Saturday, April 21, 2012

Training Food

It's happened, finally.  I've accepted the fact that I'm in training.  I was resisting for a long time, telling myself that I was just exercising.  And though I have not yet chosen a race, I have resigned to train for it.  With that comes early, really freakin' early, mornings, TONS of laundry, lots of planning ahead, texting of training buddies, and with it also has to come my food choices.  So here they are: just one week's worth of protein packed, smart carb-full, very veggie meals.  By the way, they're also very tasty.  Try 'em.  Even if you're not in training.

Sunday:  Bruschetta Chicken, Steamed Brown Rice, Roasted Cauliflower

Bruschetta Chicken

6 med. roma tomatoes, seeded and chopped
1/4 cup finely chipped fresh basil leaves
1/2 t. sea salt
3 cloves fresh garlic, minced
1 T. balsamic vinegar
1/4 t. black pepper
1 T. olive oil

1 T. chopped fresh oregeno
1 T. chopped fresh basil
1/2 t. chopped fresh thyme
1 t. chopped fresh italian parsley
2 T. lemon juice
2 T. balsamic vinegar
1 T. olive oil
1/2 t. garlic powder
1/2 t. black pepper
1/4 t. sea salt
4 skinless, boneless chicken breasts

1. For topping, combine all ingredients in a medium bowl.  Cover and chill in refrigerator until ready to serve.

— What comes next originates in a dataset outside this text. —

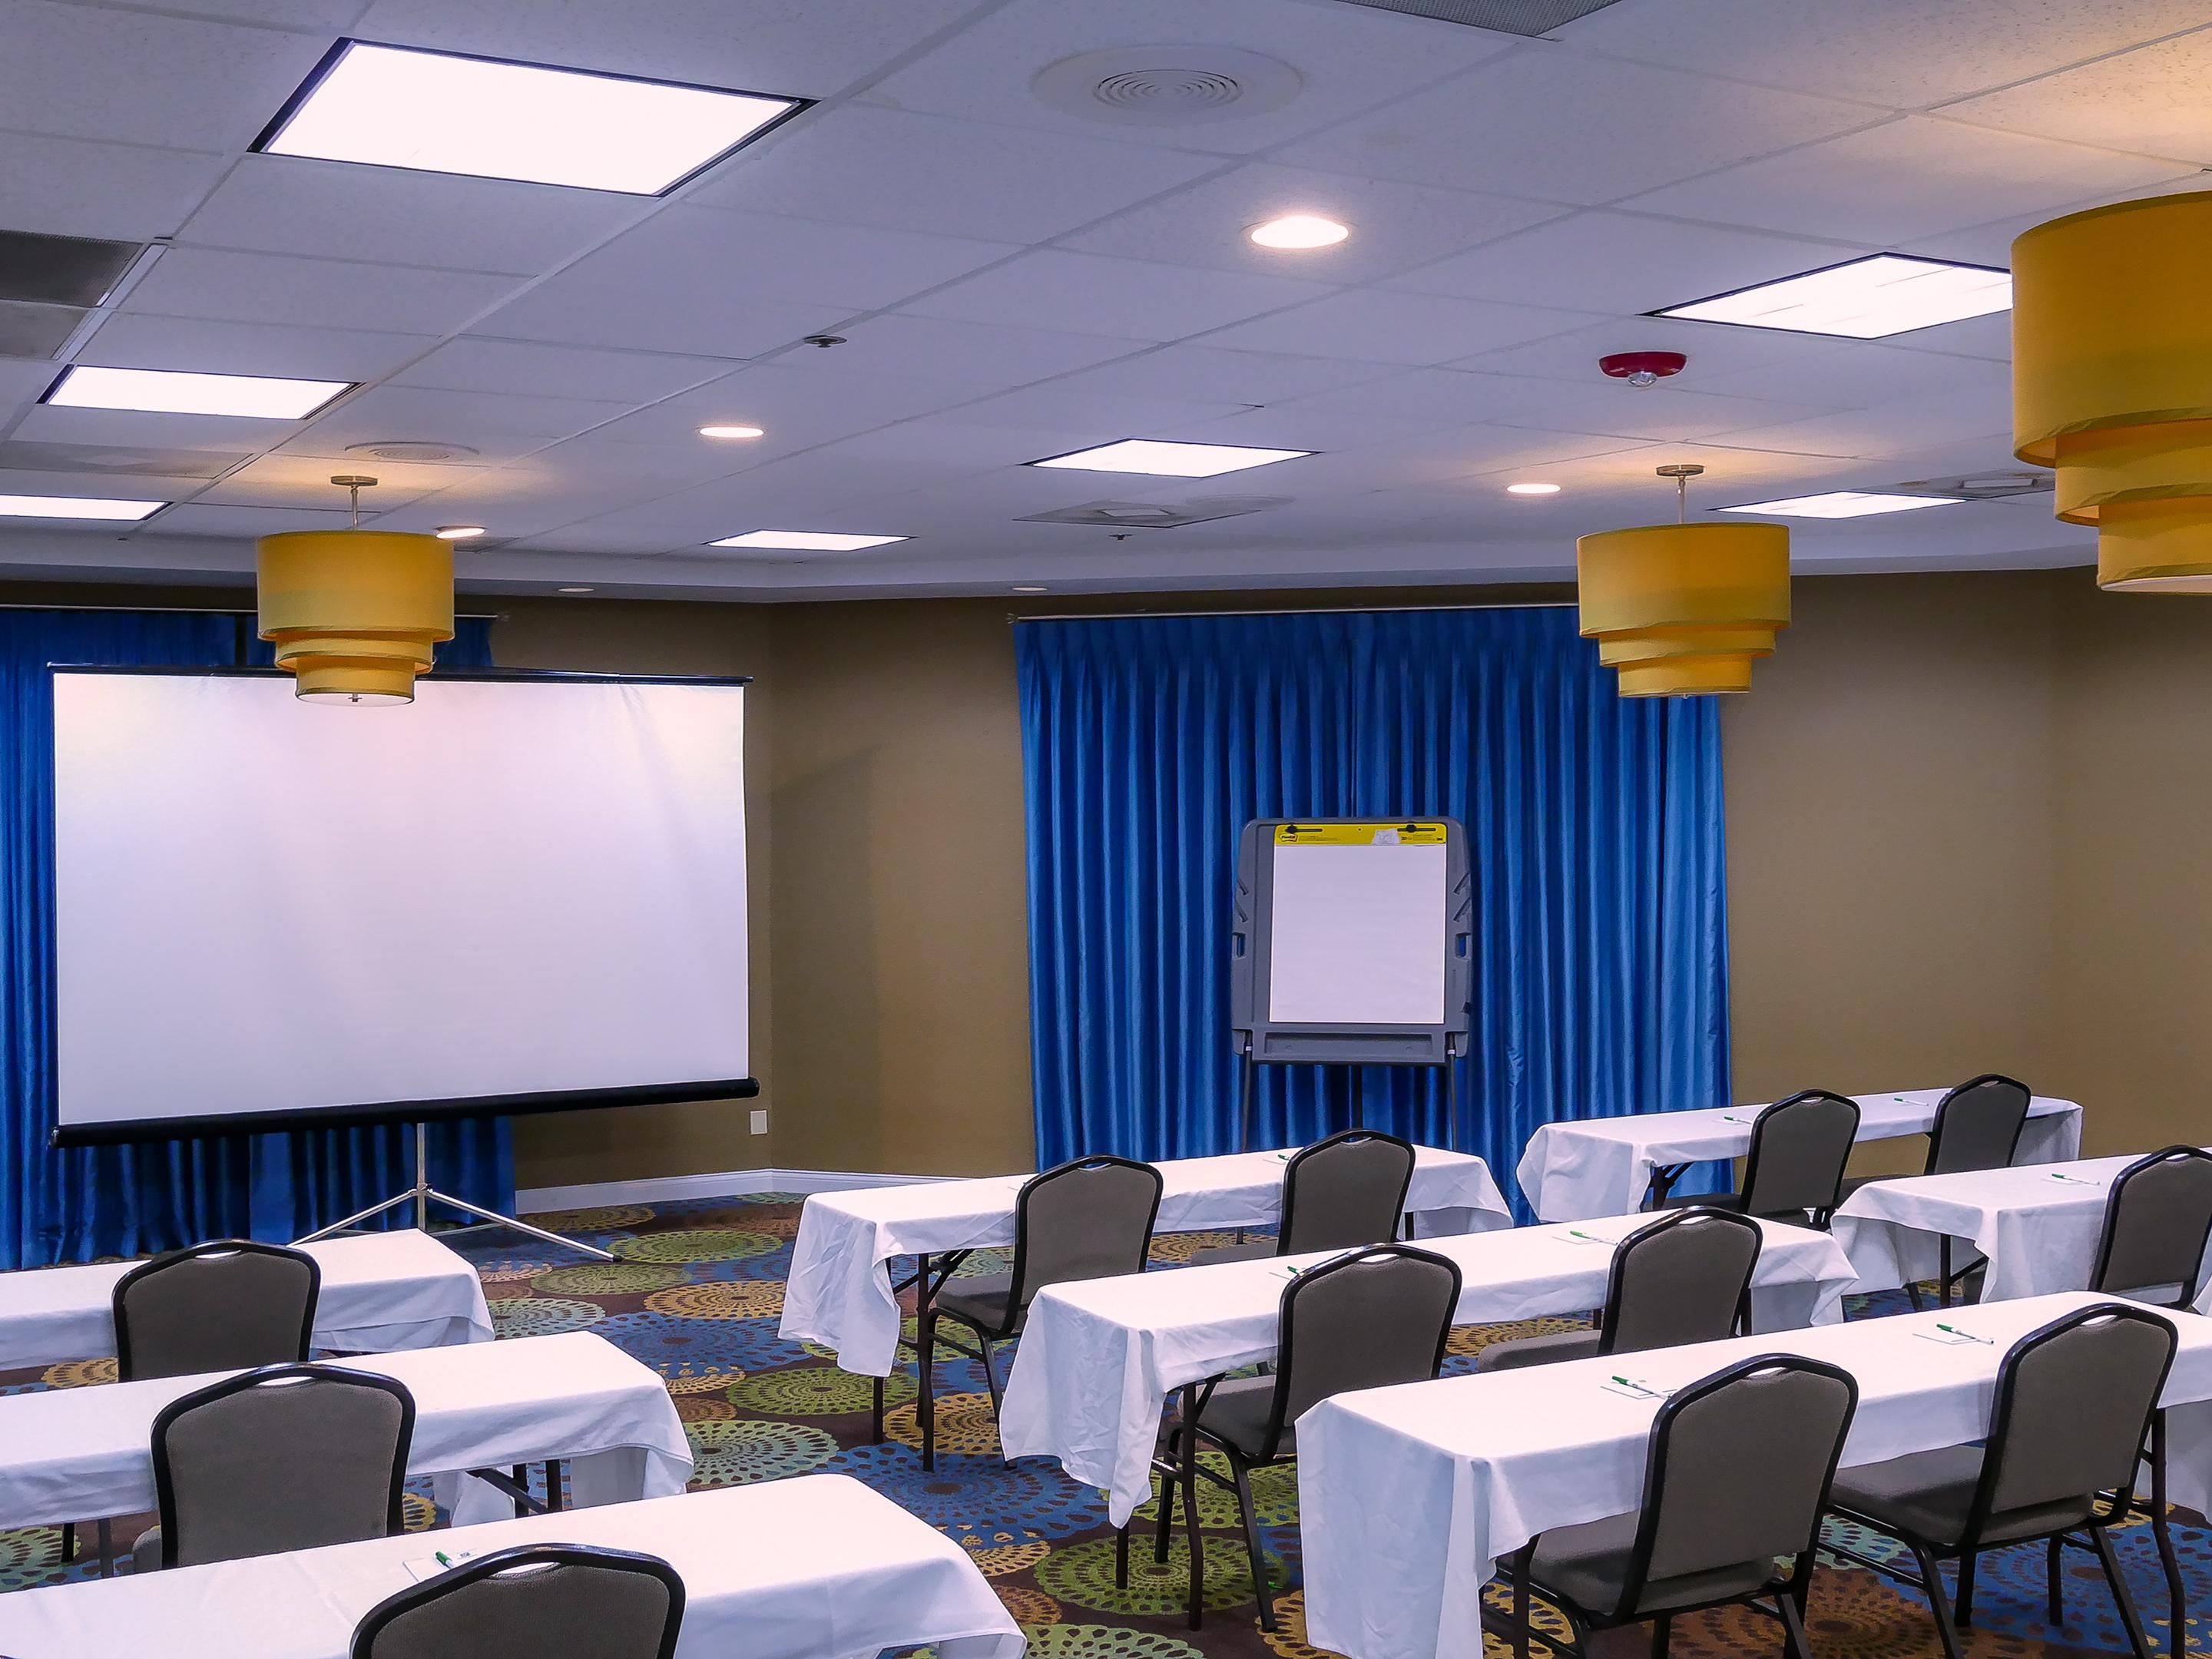 We are delighted to offer a wide variety of options for your next meeting or event. Our Ford Room has 768 square feet and Edison Room has 1435 square feet, both overlook our tropical pool and are ideal for seminars, workshops, small conferences, and family functions.

2. For chicken, combine all ingredients in a large zip top plastic bag.  Shake to distribute well, seal, and marinate in refrigerator for at least one hour.

3. Preheat oven to 350.

4. Remove chciken from bag; discard marinade

5. Place chicken in glass baking dish.  Cover with foil and place in oven for 30-40 min, or until chicken is thoroughly cooked.

6. Serve with salsa on top; garnish with fresh basil leaves.

Monday:  Kathy Smith's Crispy Oven-Baked Chicken, steamed pea pods, Herbed Quinoa

Tuesday: Healthy Pancakes, fresh berries, turkey bacon

1 1/2 cups whole wheat pastry flour
2 eggs, lightly beaten
1/4 canola oil
2 cups low fat milk
2 tsp baking soda
1/2 cup wheat germ

In med. bowl, mix eggs with oil and milk.

Stir in baking soda, wheat germ, and flour; mix until blended.

Heat a lightly oiled griddle or frying pan over med. high heat.  Pour or scoop batter onto the griddle.  Brown on both sides, turning once.

Use fresh fruit or a small amount of pure maple syrup, honey, or molasses as a topping.  Opt not for pancake syrup.  

Wednesday: Grilled Salmon, Spicy Green Beans and Kale, roasted beets

Thursday: Stuffed Bell Peppers

Stuffed Bell Peppers

2 large red bell peppers
sea salt and pepper, to taste
1 t. olive oil
1/2 yellow onion, diced
1 clove garlic, minced
1 cup water
8 oz organic tempeh, crumbled
1/2 can fire roasted diced tomatoes
2 T. raw pine nuts
1 C. cooked brown rice
1 T. freshly chopped parsley
1 T. freshly chopped basil
1 T. raisins

Preheat oven to 375.

Halve peppers lengthwise, leaving stems intact.  Scoop out seeds and place cut side up in a shallow baking dish.  Sprinkle with salt and pepper.  Bake for about 15 minutes, or until they're soft but retain their shape.

Put 1 cup of water on to boil in a small pan.

While peppers are baking and water is boiling, heat olive oil in a large skillet over medium heat and saute onion and garlic until soft.

Add tempeh, tomatoes, and pine nuts to skillet and saute about 5-7 minutes.

Stir in Rice, parsley, basil, and raisins.  Remove from heat and season with bit more salt and pepper

Spoon mixture into peppers in the baking pan.  Pour just enough boiling water around pepper to touch the base of each so they won't burn in the oven.

Bake 15 minutes.

Friday: Peppered Flank Steak with Salsa, Asparagus Blue Cheese Salad, Roasted Klondike Potatoes

Asparagus Blue Cheese Salad
1 lb fresh asparagus
8 red leaf lettuce leaves
1/4 c. fresh lemon juice
3 T. fat free raspberry vinaigrette
2 oz. crumbled blue cheese

Cut off fibrous ends of asparagus spears.  Lightly steam spears and cut into one inch pieces.

Chop or shred lettuce leaves.

Combine asparagus, lettuce, lemon juice, and raspberry vinaigrette in large salad bowl.

Top with crumbled blue cheese and serve.